-- EXERCISE DETAILS --
Using the listing below, extract each line that has the word "buff" in it.

____ PROVIDED INFORMATION

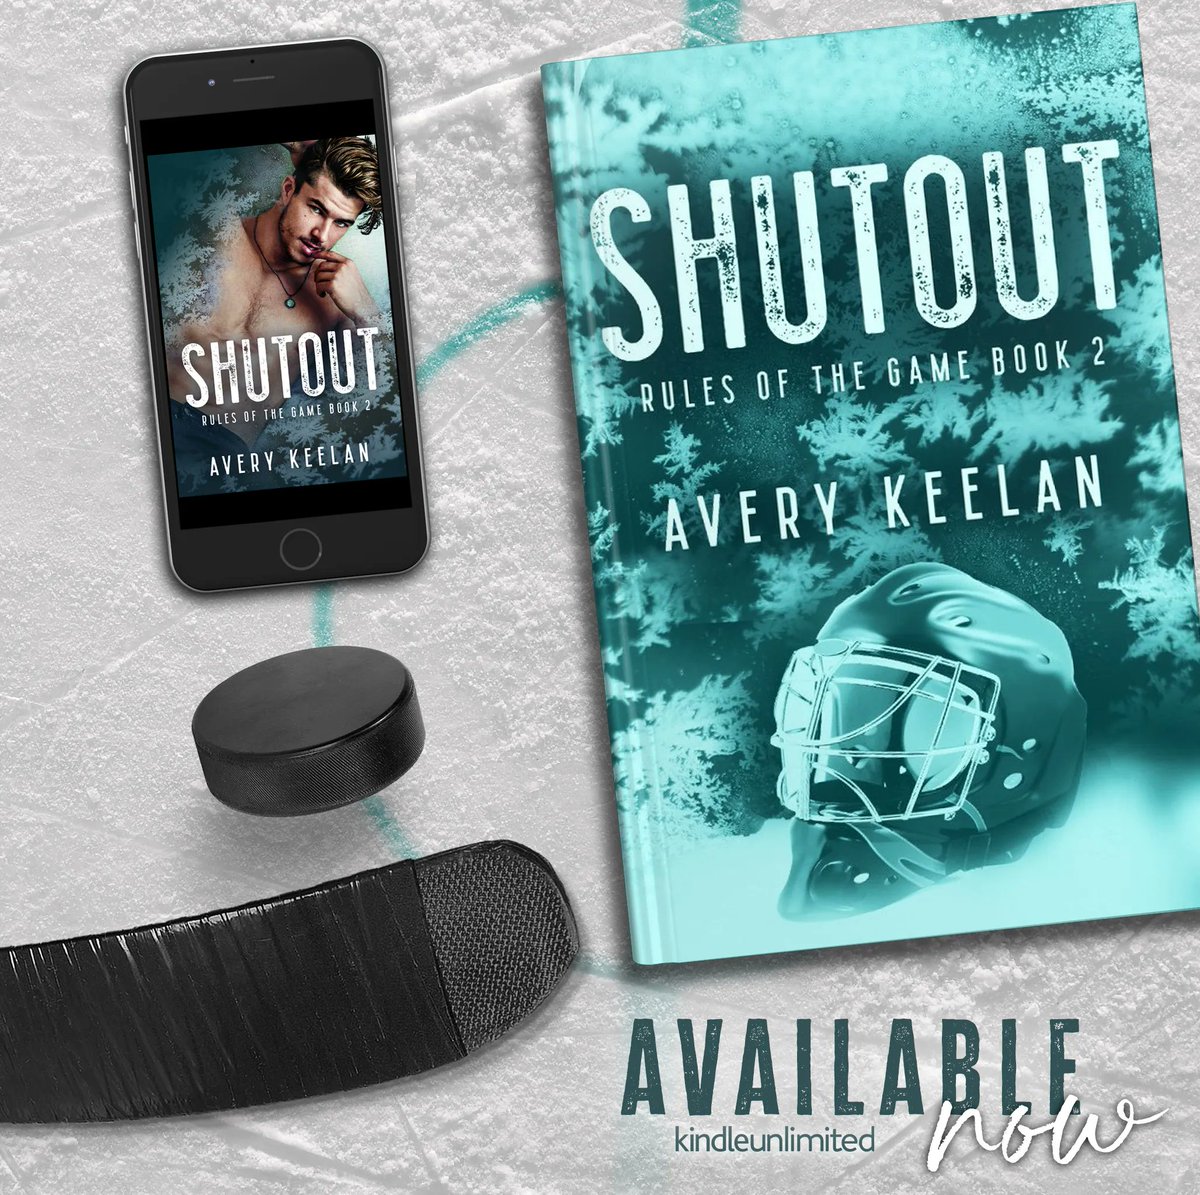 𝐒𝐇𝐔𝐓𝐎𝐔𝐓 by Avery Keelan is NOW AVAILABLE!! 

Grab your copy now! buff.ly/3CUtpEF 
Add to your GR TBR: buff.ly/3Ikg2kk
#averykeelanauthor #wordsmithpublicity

________
____ PROVIDED INFORMATION

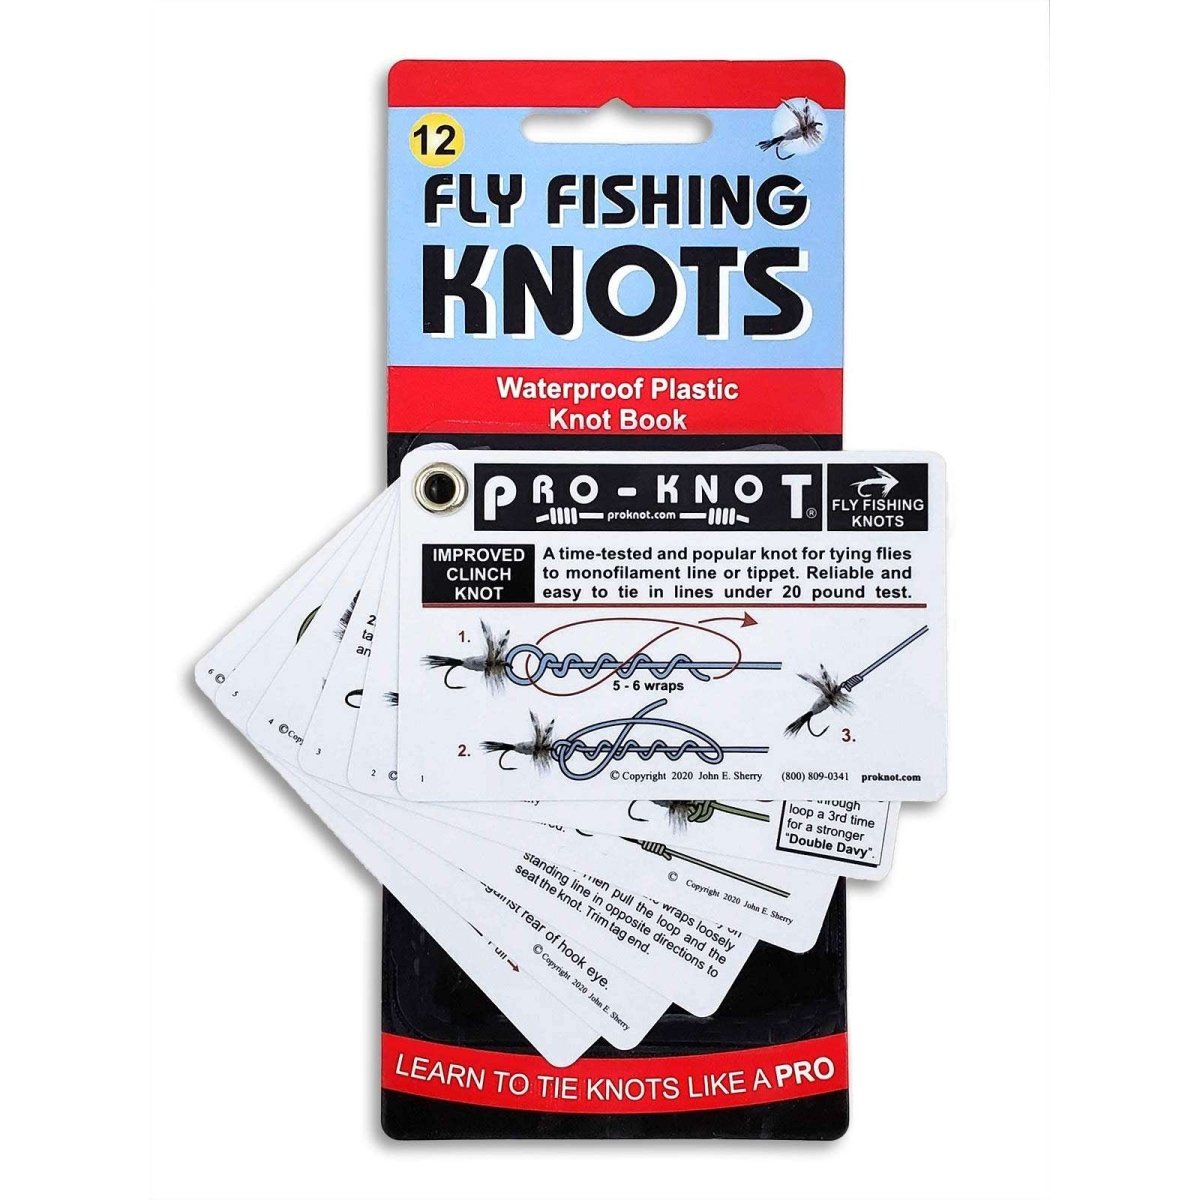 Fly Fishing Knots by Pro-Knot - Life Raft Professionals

________

-- RESPONSE --
Grab your copy now! buff.ly/3CUtpEF 
Add to your GR TBR: buff.ly/3Ikg2kk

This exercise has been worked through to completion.